A magnesium deficiency can result in muscle cramping, excessive soreness, inadequate force production, disrupted recovery and sleep, immune system depression, and even potentially fatal heart arrhythmias during intense exercise.

Multiple studies have shown magnesium to be effective for buffering lactic acid, enhancing peak oxygen uptake and total work output, reducing heart rate and carbon dioxide production during hard exercise, and improving cardiovascular efficiency. In addition, supplementation with magnesium can elevate testosterone levels and muscle strength up to 30 percent.

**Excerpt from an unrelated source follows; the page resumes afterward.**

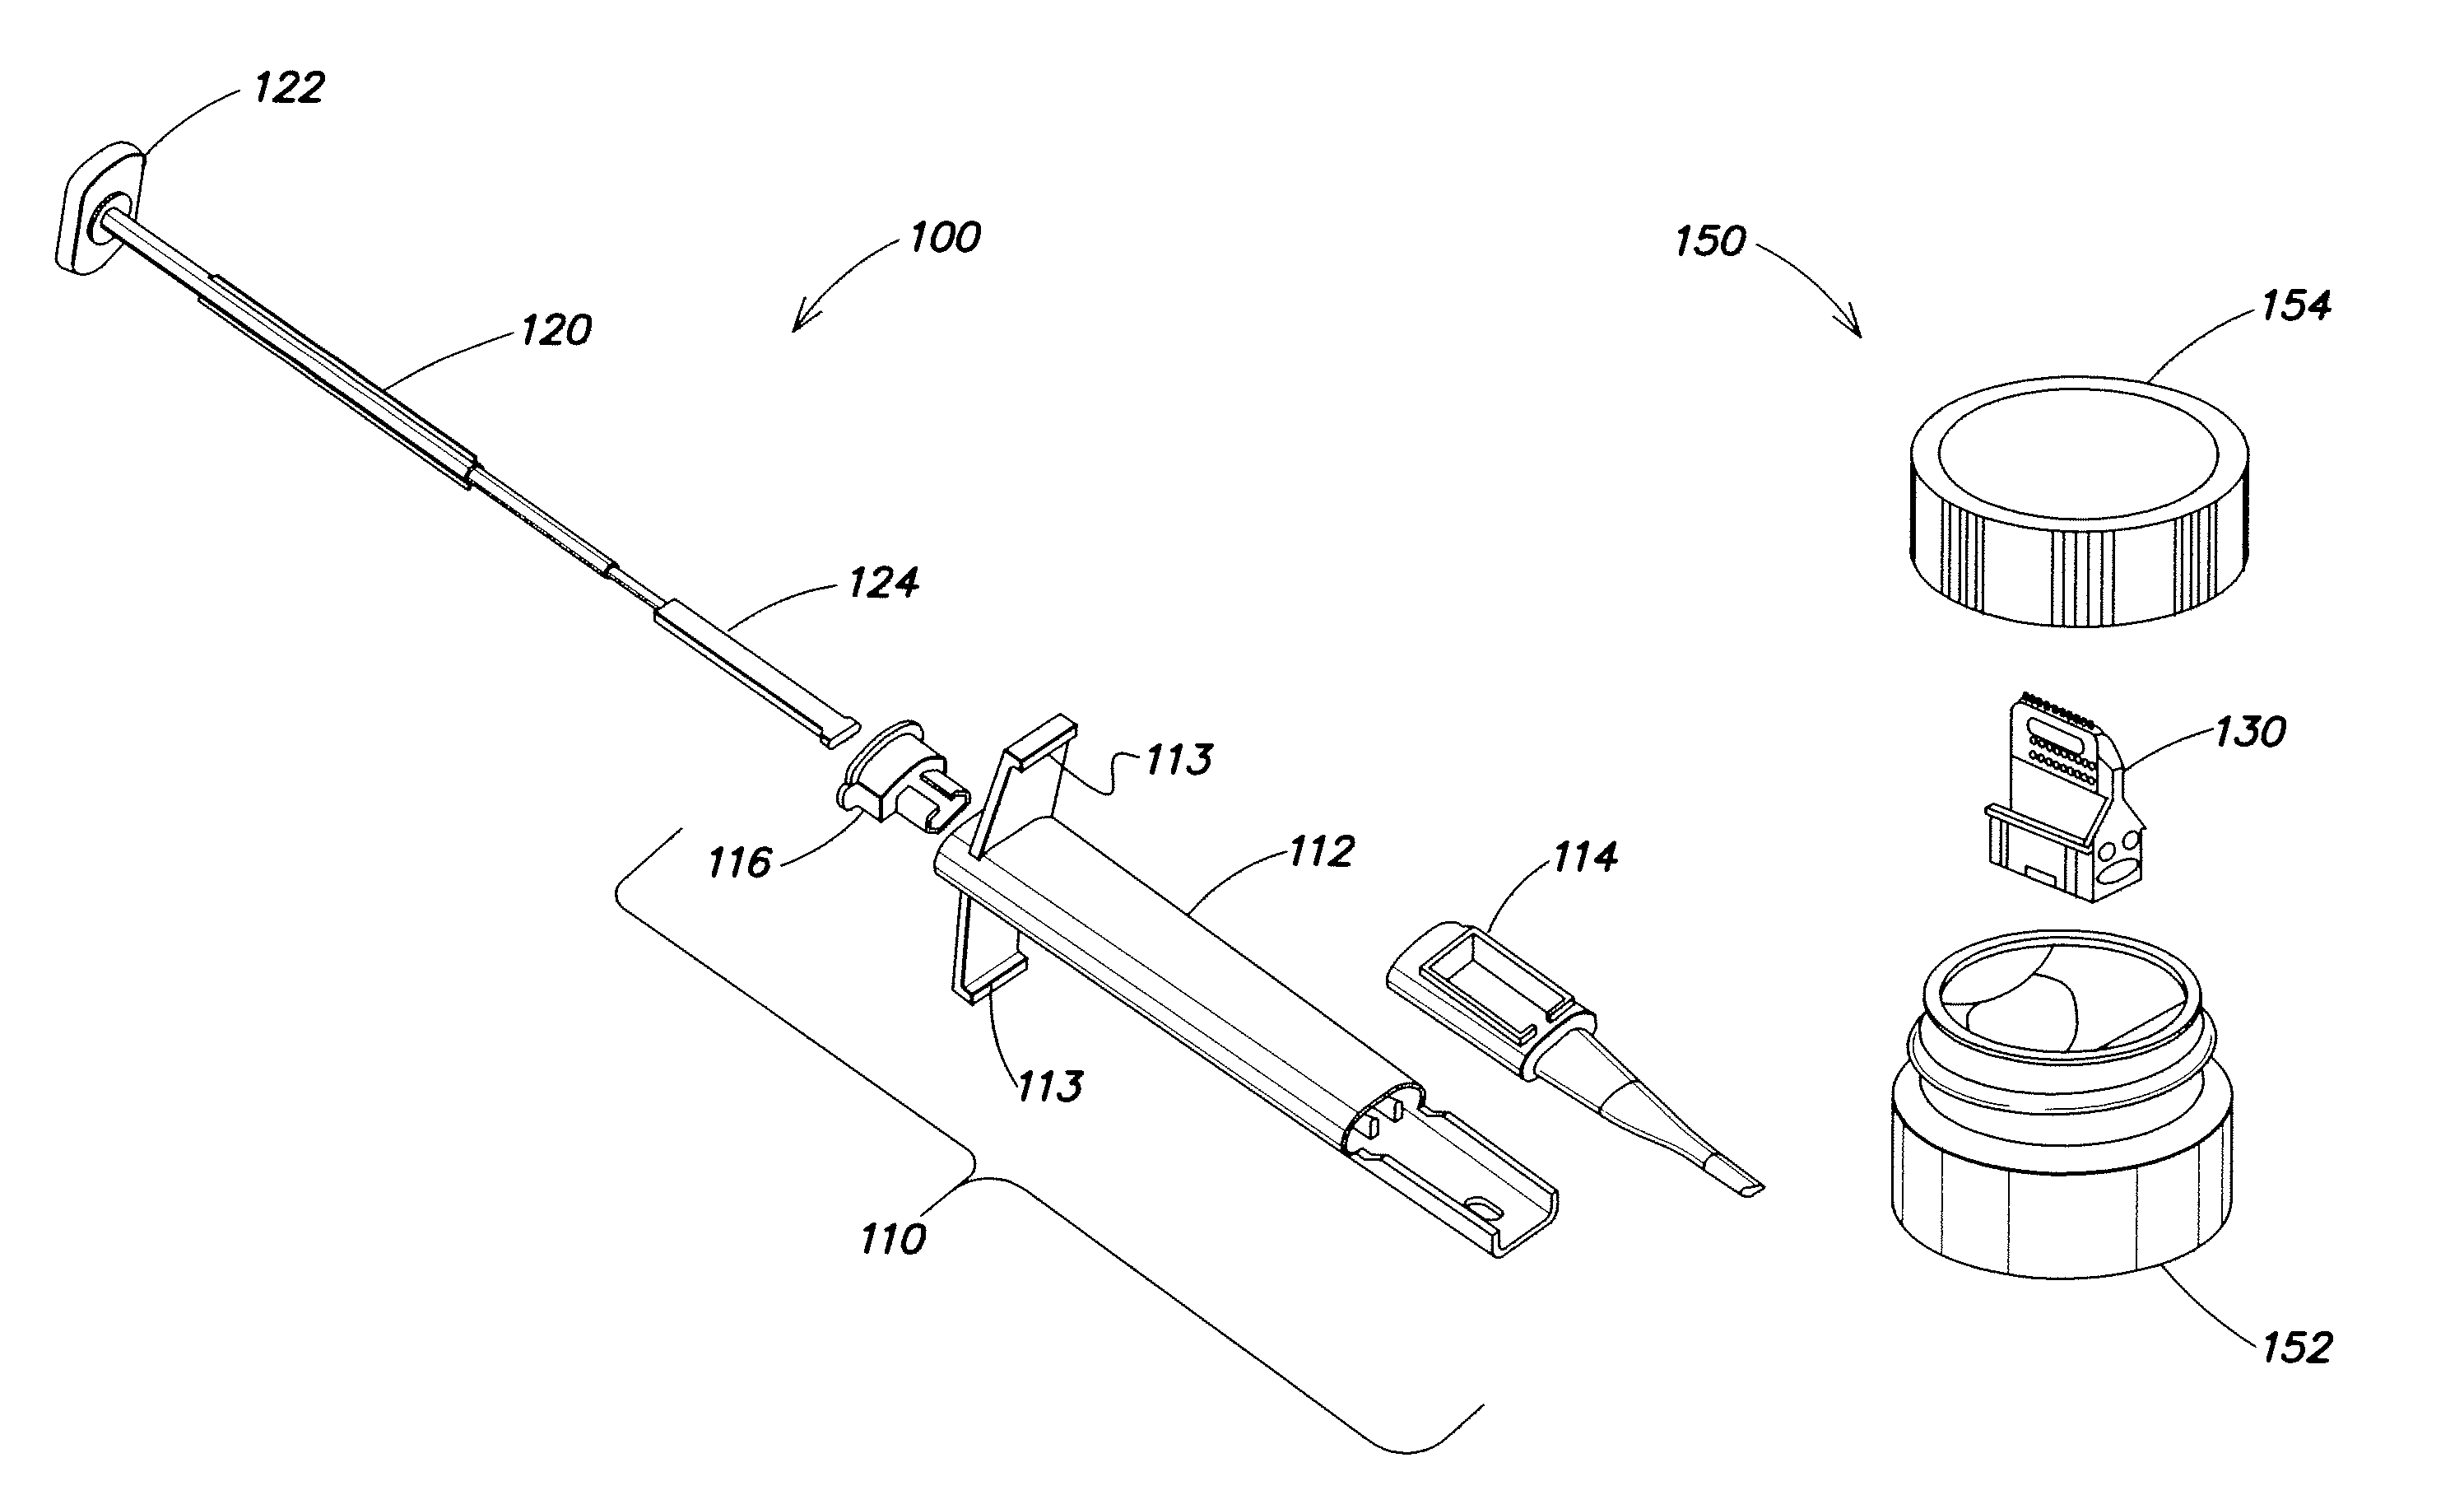 Intraocular lens injector system
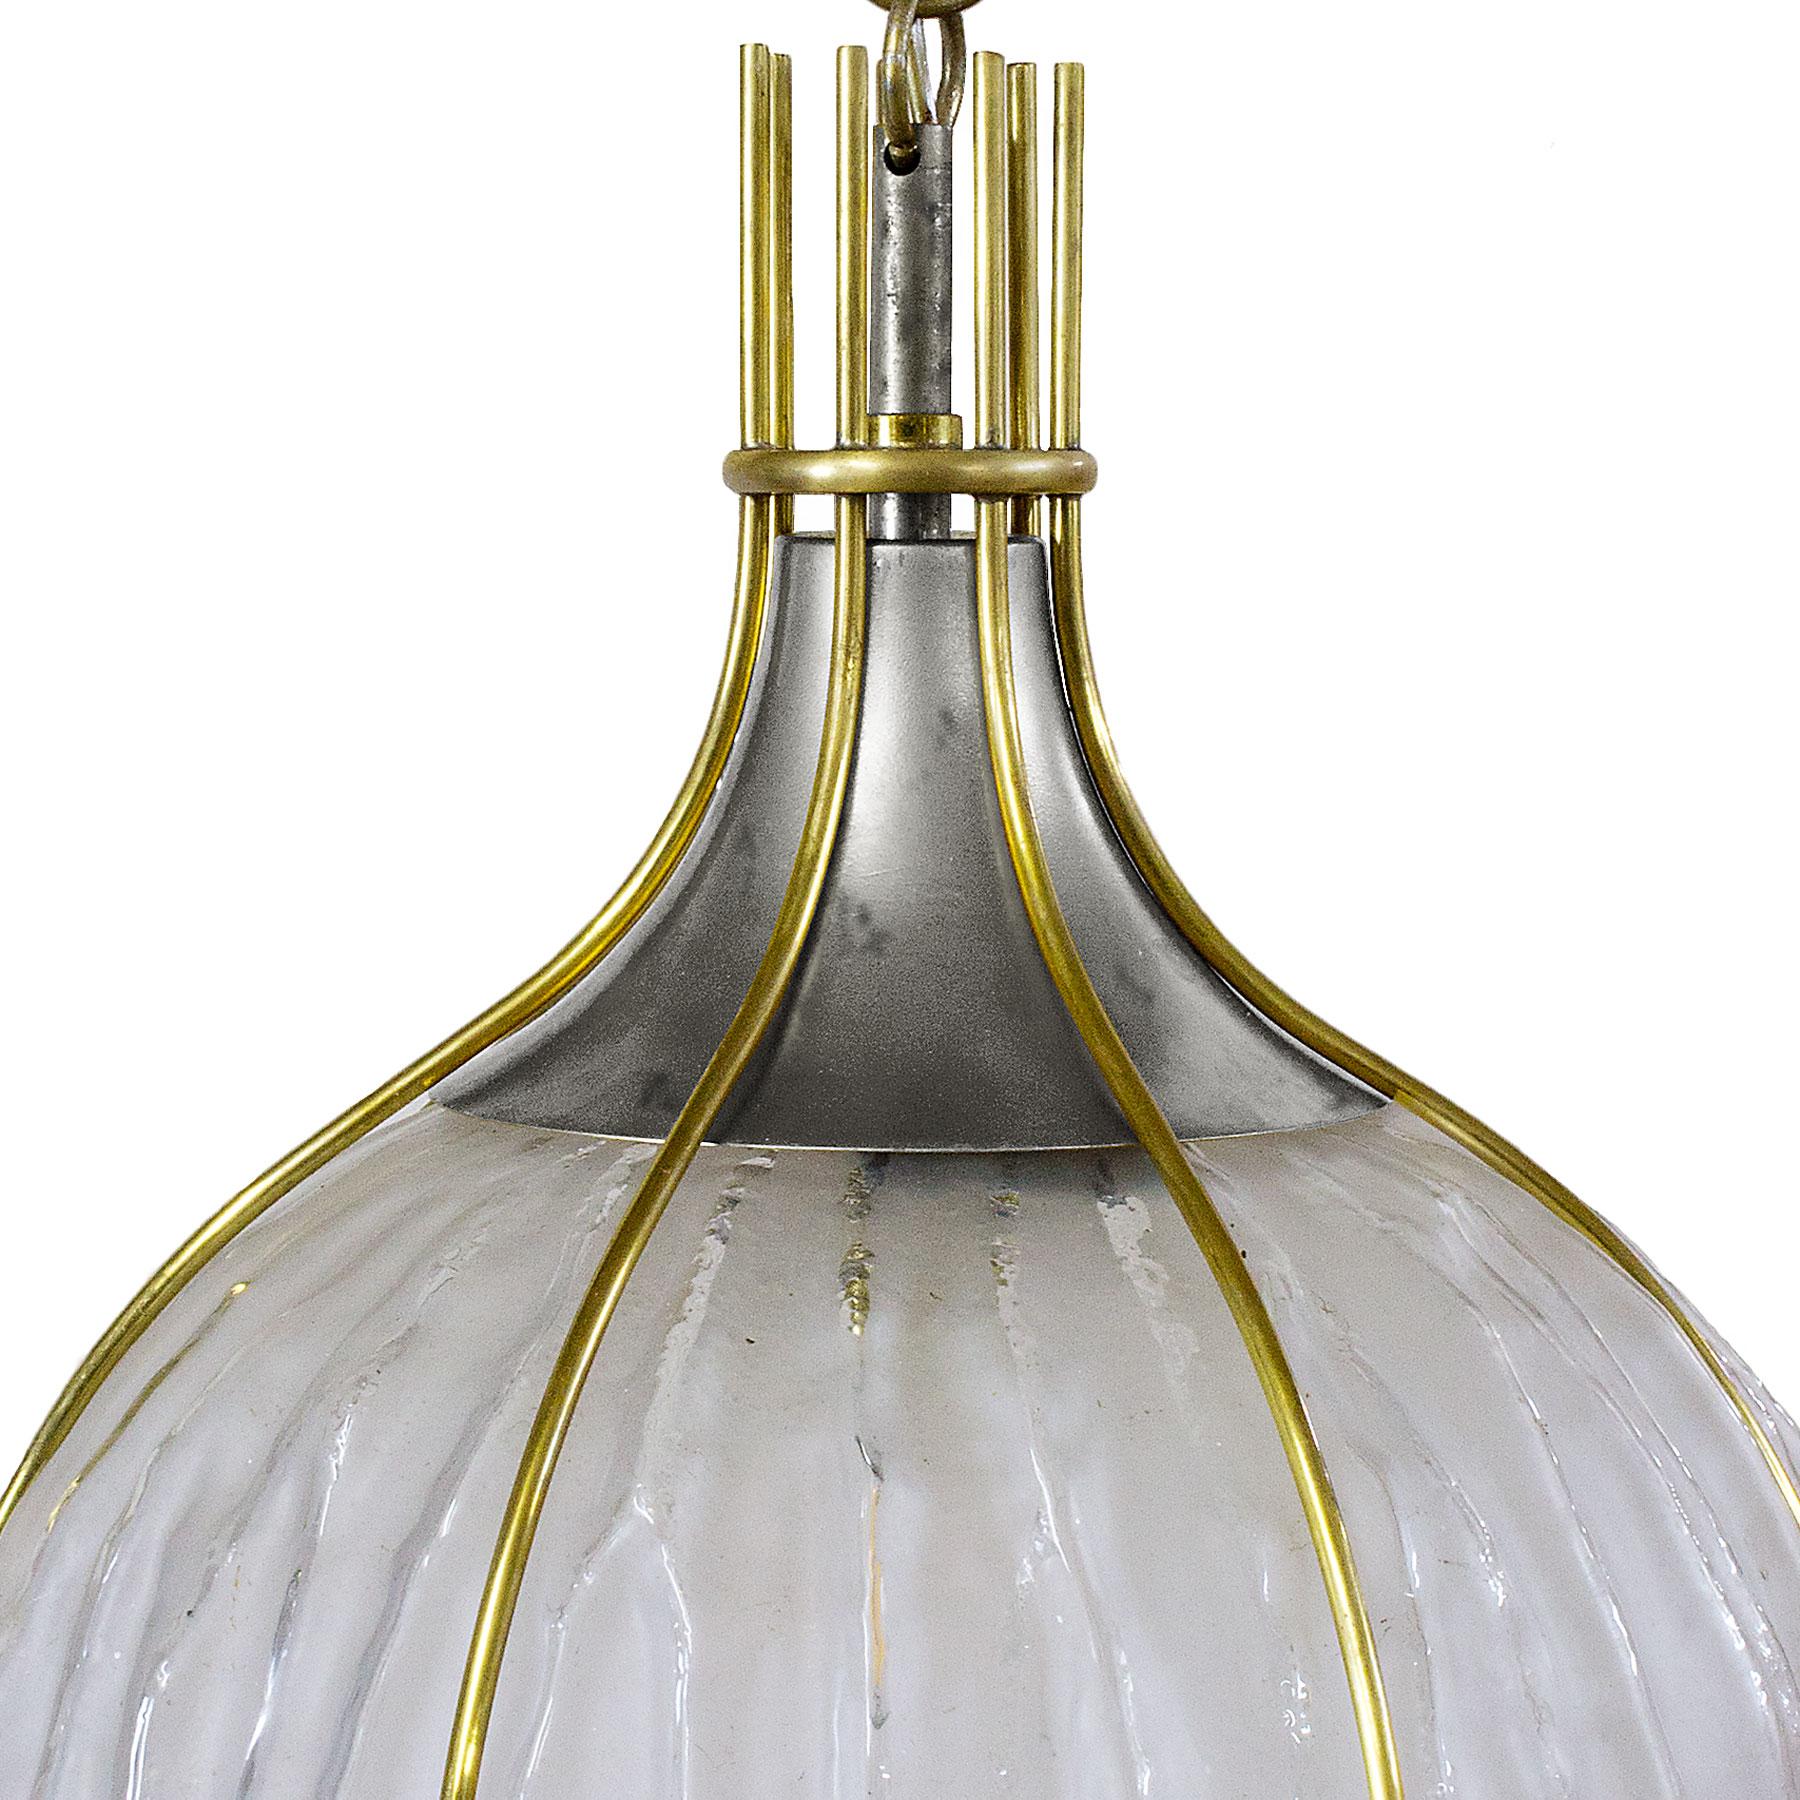 Mid-20th Century Mid-Century Modern Hanging Lantern by Esperia, Acid Etched Glass Ball - Italy For Sale

But unfortunately, as you learned in my Magnesium Miracle interview with Dr. Carolyn Dean, over 75% of the population is deficient in magnesium.

So if you’re deficient, can you just eat more seeds, nuts, grains and vegetables (which are all sources of dietary magnesium)?

While seeds, nuts, grains and vegetables are indeed high dietary sources of magnesium, highly active people who include these foods in their diet can still be deficient in magnesium. This is due to a combination of mineral loss through perspiration and accelerated mineral turnover due to high activity levels.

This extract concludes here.